Once your code has been reviewed, you may be asked to make changes. It looks like Gerrit doesn't allow you to upload a new commit based on your previous change, but wants you to edit the existing commit. You can use git commit --amend to add changes to the previous commit:

 # Create feature branch based on ${DEST_BRANCH}.
 git checkout -b new_feature "${DEST_BRANCH}"
 # Heavy-duty coding …
 # Create commit.
 git commit -a -m 'Awesome new feature.

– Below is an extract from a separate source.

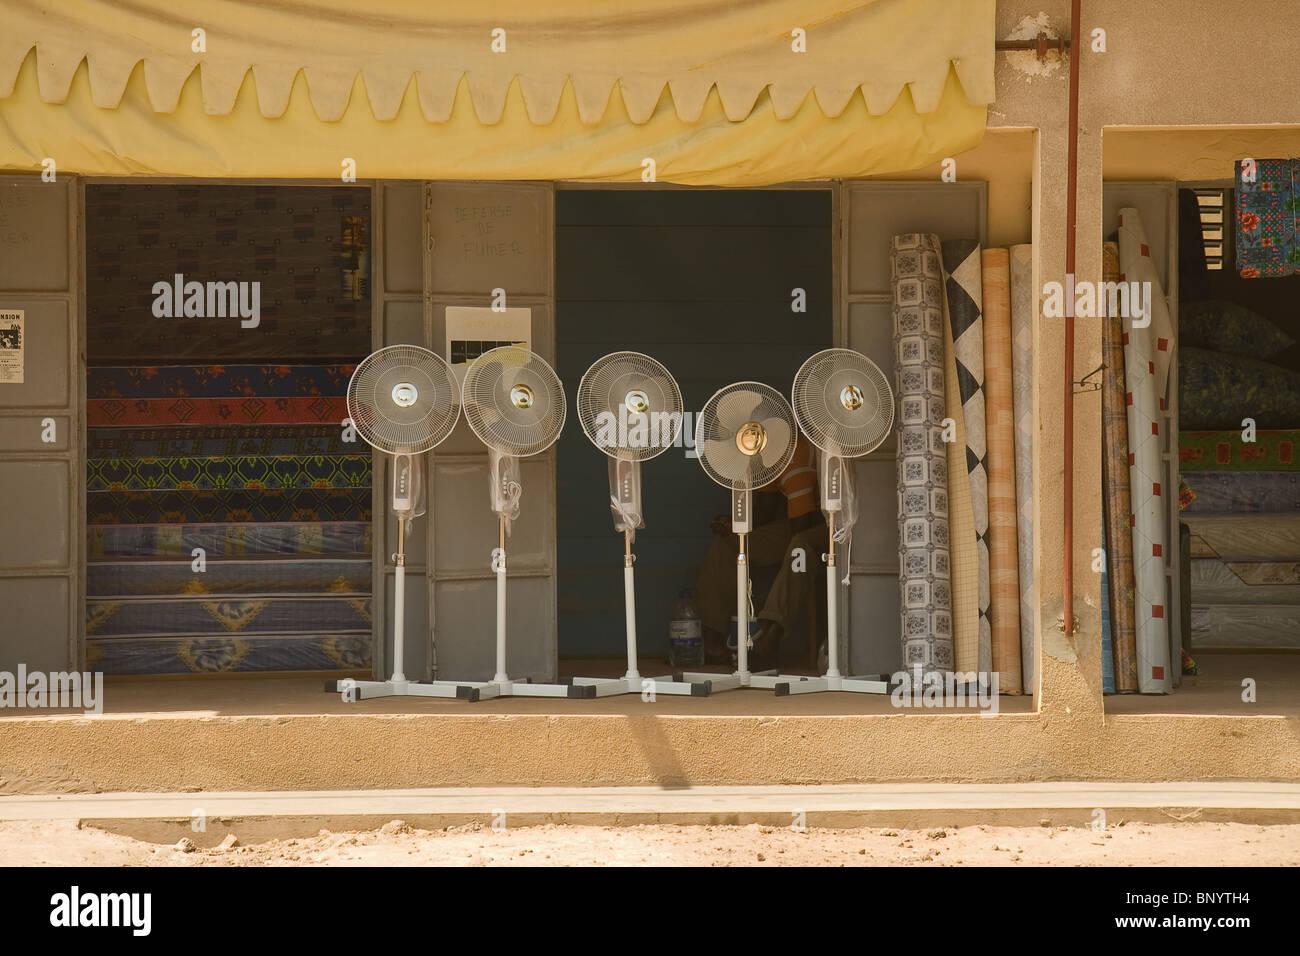 Ventilatori elettrici in Senegal Immagini Stock

Behold!'
 # Create a new change in Gerrit.
 git push gerrit "new_feature:refs/for/${DEST_BRANCH}"
 # Get your code reviewed.
 # More heavy-duty coding …
 git add --update
 git commit --amend
 # Update the change in Gerrit.
 git push gerrit "new_feature:refs/changes/${CHANGE_ID}"

As an alternative, if you already committed multiple commits, you can use git rebase --interactive to “squash” the commits together:

 # Create feature branch based on ${DEST_BRANCH}.
 git checkout -b new_feature "${DEST_BRANCH}"
 # Heavy-duty coding …
 # Create commit.
 git commit -a -m 'Awesome new feature. Behold!'
 # Create a new change in Gerrit.
 git push gerrit "new_feature:refs/for/${DEST_BRANCH}"
 # Get your code reviewed.
 # More heavy-duty coding …
 git add --update
 git commit -m 'Update.'
 # Squash all commits based on ${DEST_BRANCH} into one:
 git rebase --interactive "${DEST_BRANCH}"
 # An editor opens, asking you what to do with the commits.
 # Leave "pick" for the first commit, change all other commits to "squash".
 # Update the change in Gerrit.
 git push gerrit "new_feature:refs/changes/${CHANGE_ID}"

Writing feedback / Responding

To write feedback on a particular line, just double-click on this line in the side-by-side view and a text-box will open. To reply to posted comments you can link the Reply button. The Done button will reply with the fixed string "Done.", implying that you fixed whatever the reviewer has picked upon.

After you've written comments and/or replies, they will be stored as Draft, meaning nobody but yourself can see them. In order to make them visible to the public, go to the main page of that change and hit the Review button.